A new strategy for a new enemy

The navy has for long been subverted to the army and the air force in terms of funds and Pakistani security paradigm.

Ziaul Haq once said, “whether right or wrong; power in Pakistan will always be wielded by the person who occupies the seat of the chief of the army staff”. He was dead right. Since the incident at PNS Mehran, the Pakistan Navy has received considerable flak. The comments directed at the person of the chief of the naval staff and appearing in a May 25 op-ed piece in this newspaper seemed to go beyond journalism ethics.

The navy’s operational responsibilities extend from the country’s western periphery at Jiwani-Gwadar and east to Karachi and parts of interior Sindh. From the 1,046 kilometres coastline southwards, the job area juts beyond 200 nautical miles into the Arabian Sea, covering a sea expanse that is larger than Balochistan. Since 2002-03, the Pakistan Navy has additionally and unceasingly participated in more than one multinational task force operating in the Gulf of Aden and the Horn of Africa, yet we hardly hear or see any projection of the service on the media.

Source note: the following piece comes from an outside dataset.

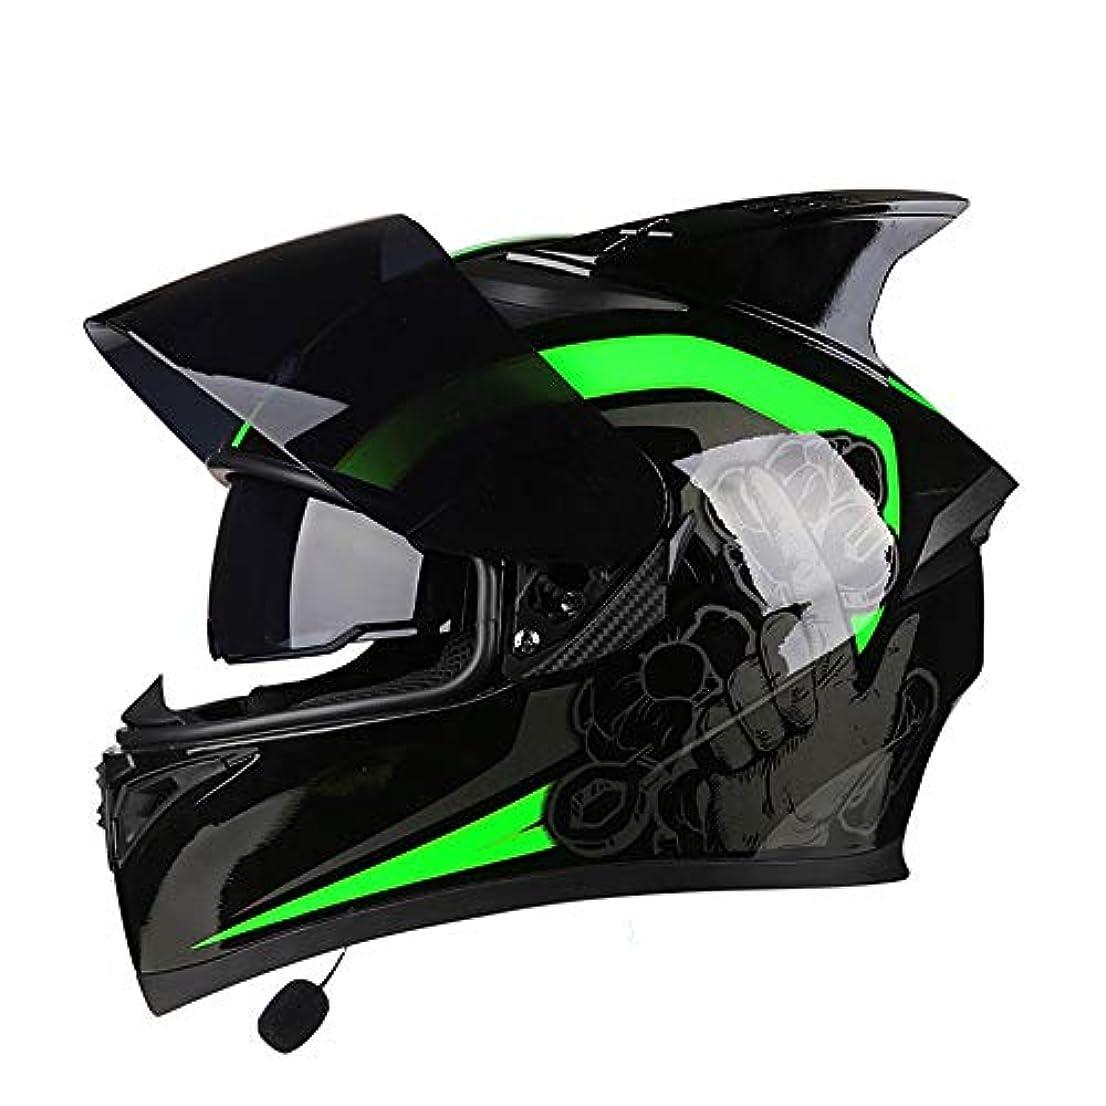 しょっぱい出版誤HYH オートバイ四季のbluetoothヘッドセットフルフェイスヘルメットカラフルなレンズダブルレンズファッション通気性コーナーライディングヘルメット いい人生 (色 : Have corner, Size : XL)

The navy’s budget allocation is a trifling 10-11 per cent or so of the total defence outlay, in which the air force gets roughly 23 per cent and the army claims the lion’s share of over 43 per cent. With the bulk of the population residing in Punjab and the national security narrative being crafted by a single institution, the navy’s contributions remain totally obscure from public view.


Since Ayub Khan first surrendered the country’s sovereignty to the US by offering a U-2 base at Badaber, the navy has struggled for its existence. This inattention first hurt the military command in 1971, when the army needed some action in the Bay of Bengal to liberate it from Indian and Mukti Bahini pressure. The navy learnt about the outbreak of hostilities in the west only through a radio news bulletin.

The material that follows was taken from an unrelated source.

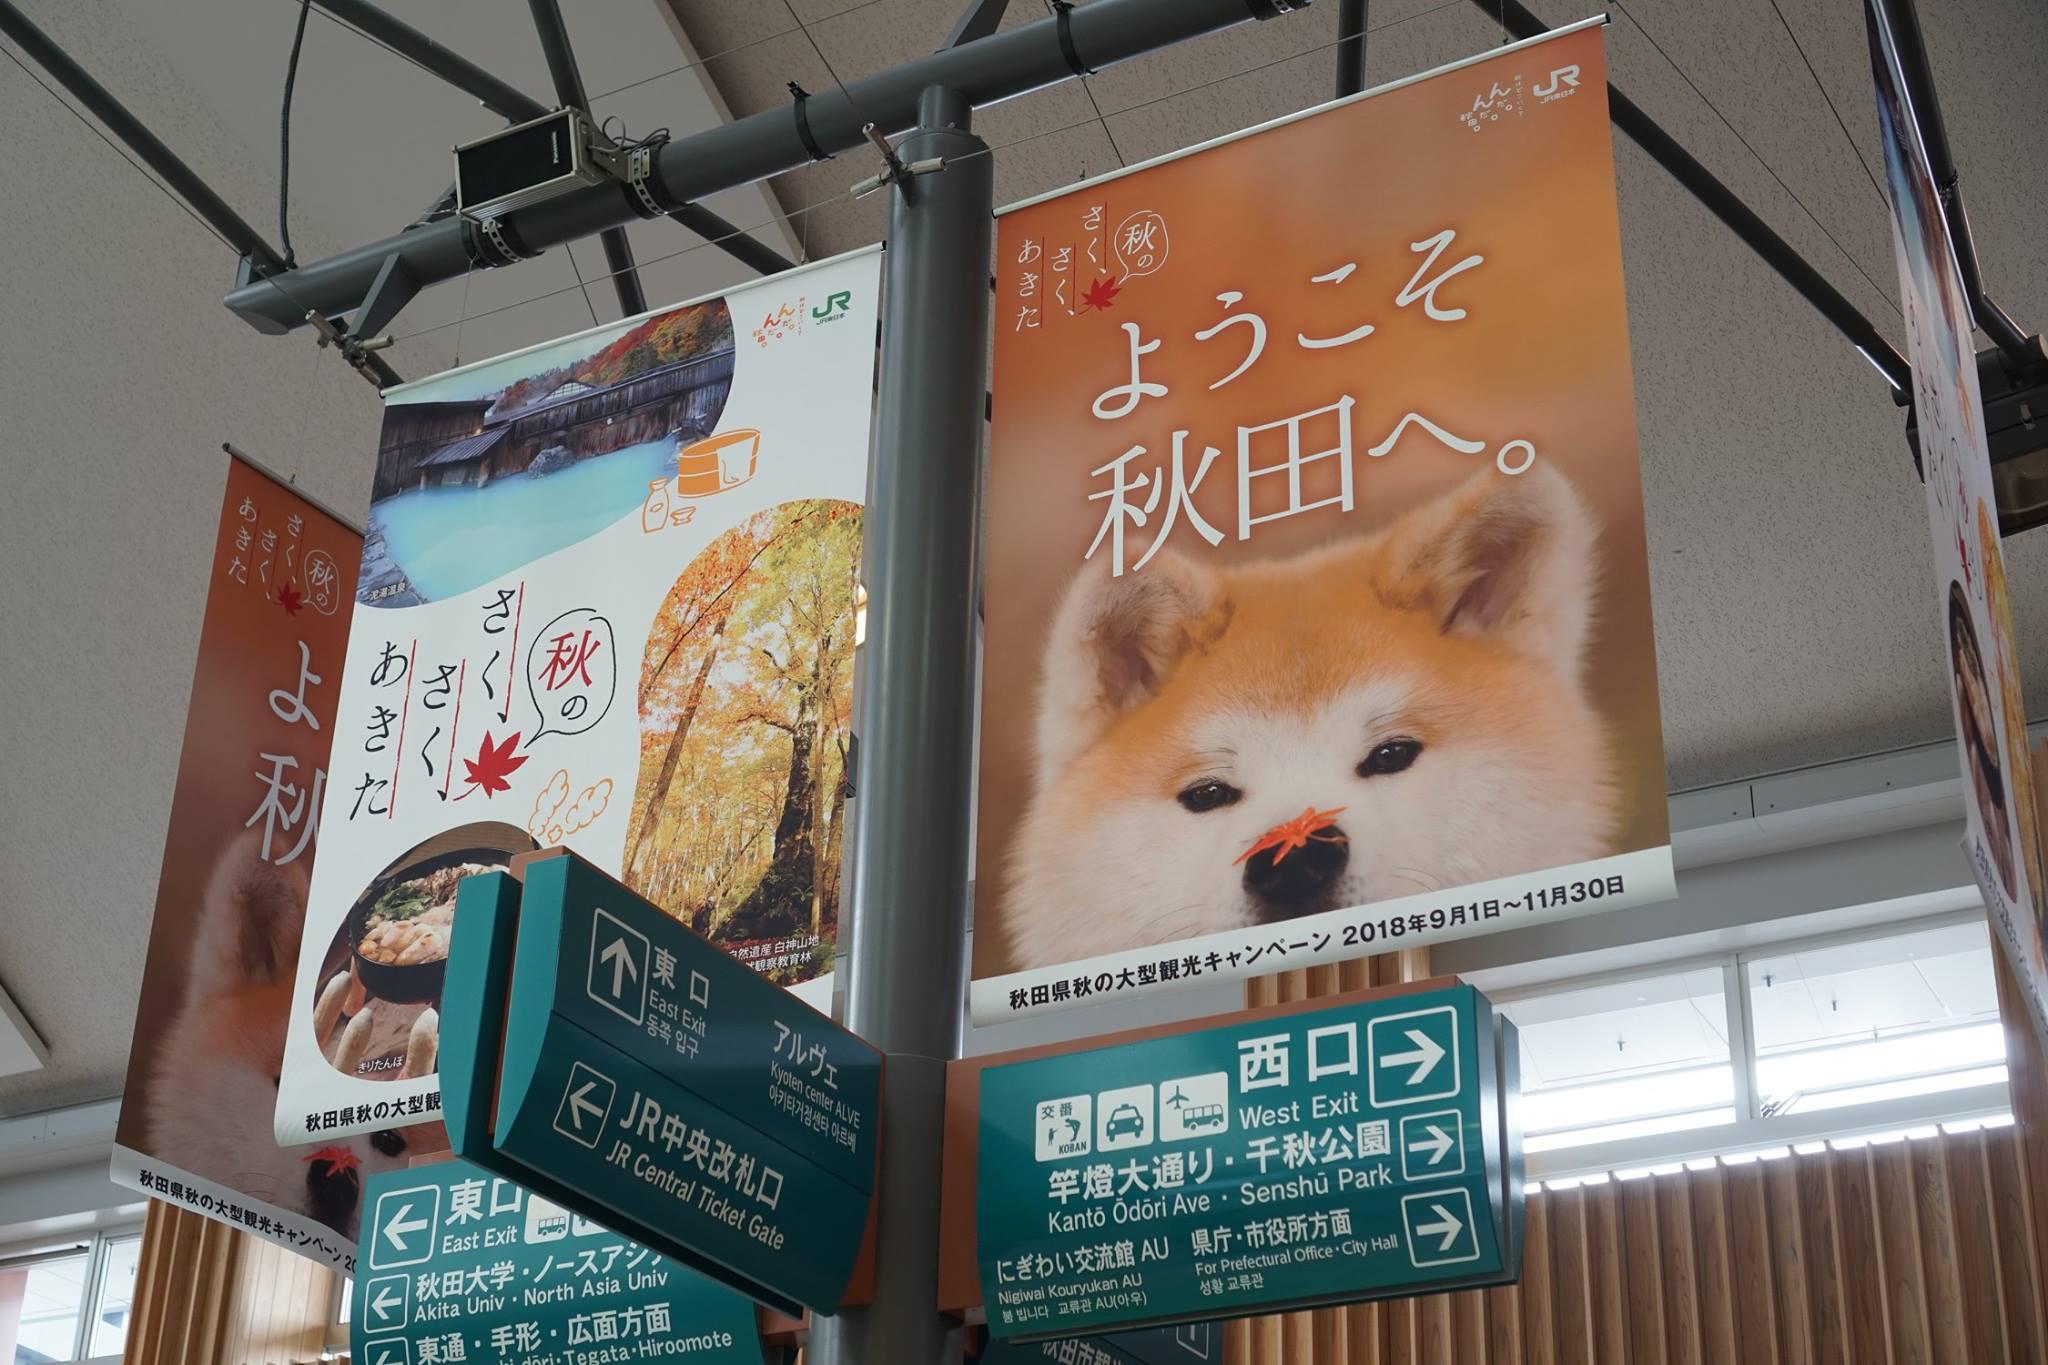 編集部取材日記◆秋の大型観光キャンペーン・オープニングセレモニー

During Zia’s era, a drive is believed to have been initiated that aimed to mothball the navy. Understandably, the funds so saved were to be diverted to the air force, which was then to take up the additional functions of the navy. In developing response options to India’s provocative ‘cold start’ doctrine, Azm-i-Nau remained a purely army-PAF affair, despite the fact that the Pakistan Navy could play an important role in the south. The fact of the matter is that a transformation is the need of the hour; its starting point is changing our rusty frame of mind. The world has changed; we have a new enemy which does not wear a uniform, lives within us and is amorphous yet ubiquitous.

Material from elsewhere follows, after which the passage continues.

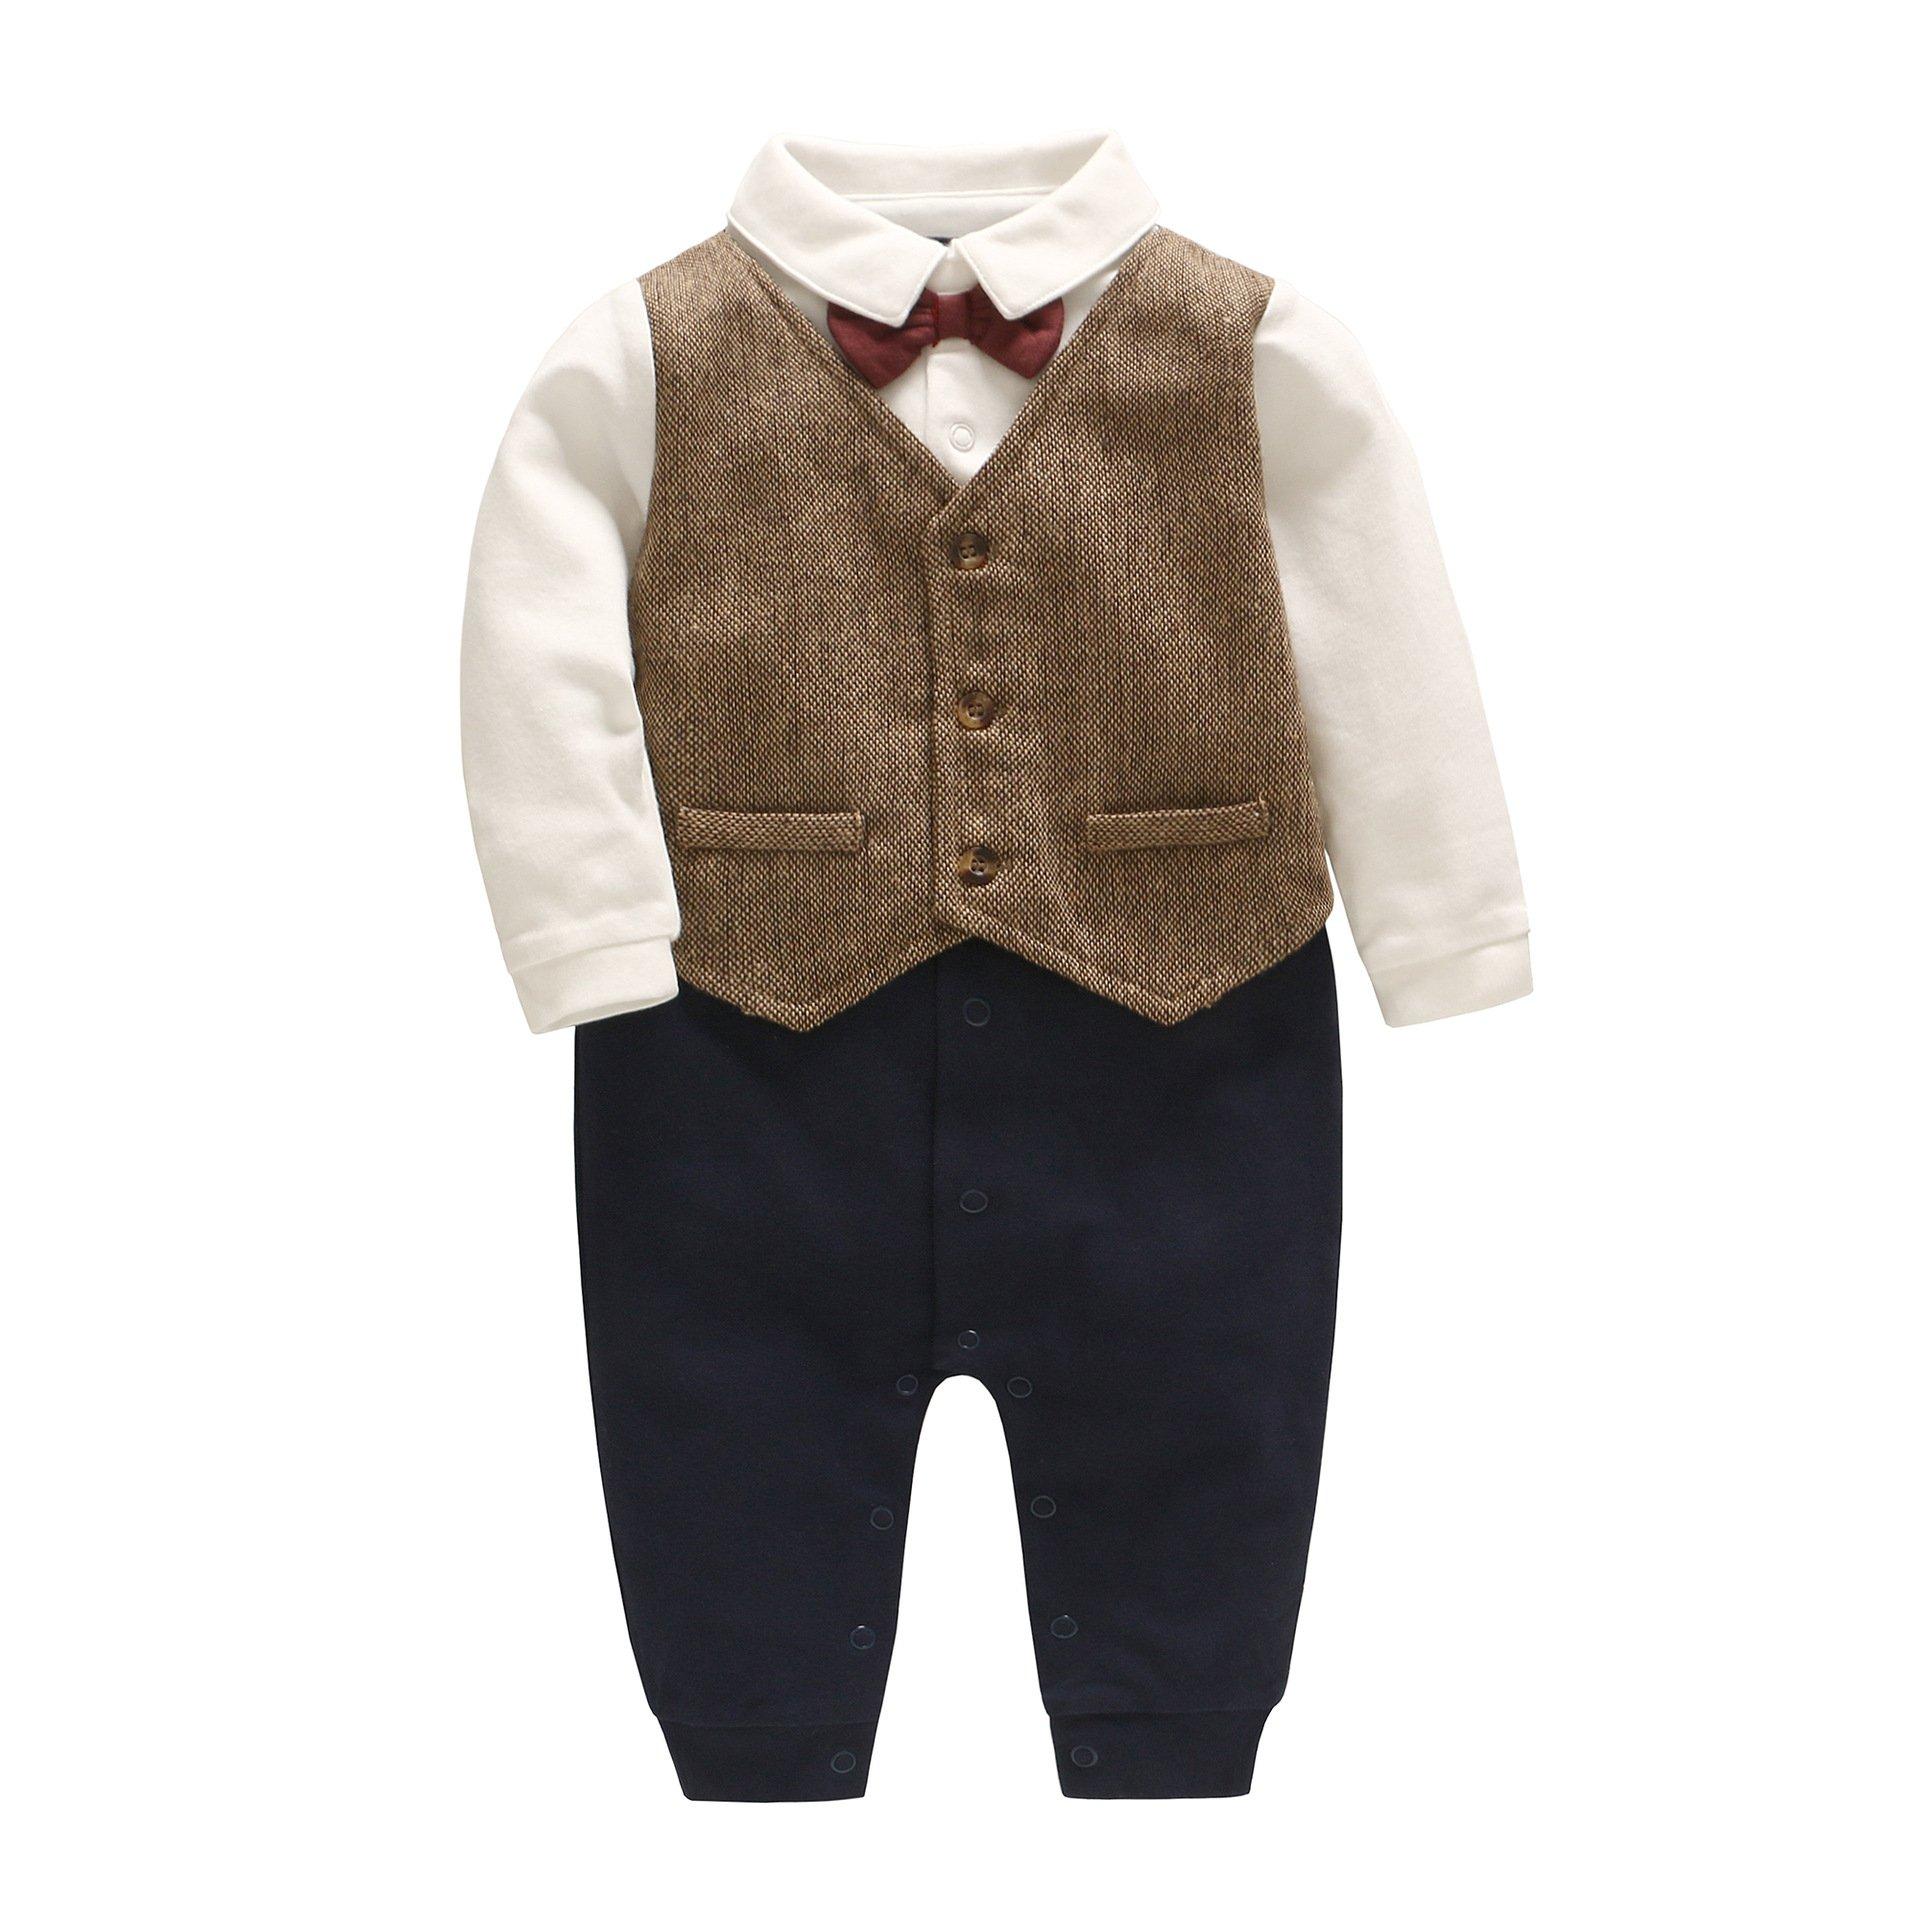 Feidoog Newborn Gentleman One Piece Long Sleeve Baby Boys Gentleman Formal Tuxedo Outfit Suit

New tactics require getting into the enemy’s mind and staying two paces ahead of him. This will require completely overhauling of our ‘intelligence’ system and a counter-terror strategy executed through an independently functioning agency, which also coordinates the overall anti-terror effort. We also need to purge radicals and jihadi sympathisers from our ranks and, above all, embark on cleansing the public mind of conspiracy theories. Along with this, the extensive rightist narrative in the media must be drastically curtailed. In not acting, we will only be playing into the hands of our enemies and imperilling the nation’s future.

Published in The Express Tribune, June 11th, 2011.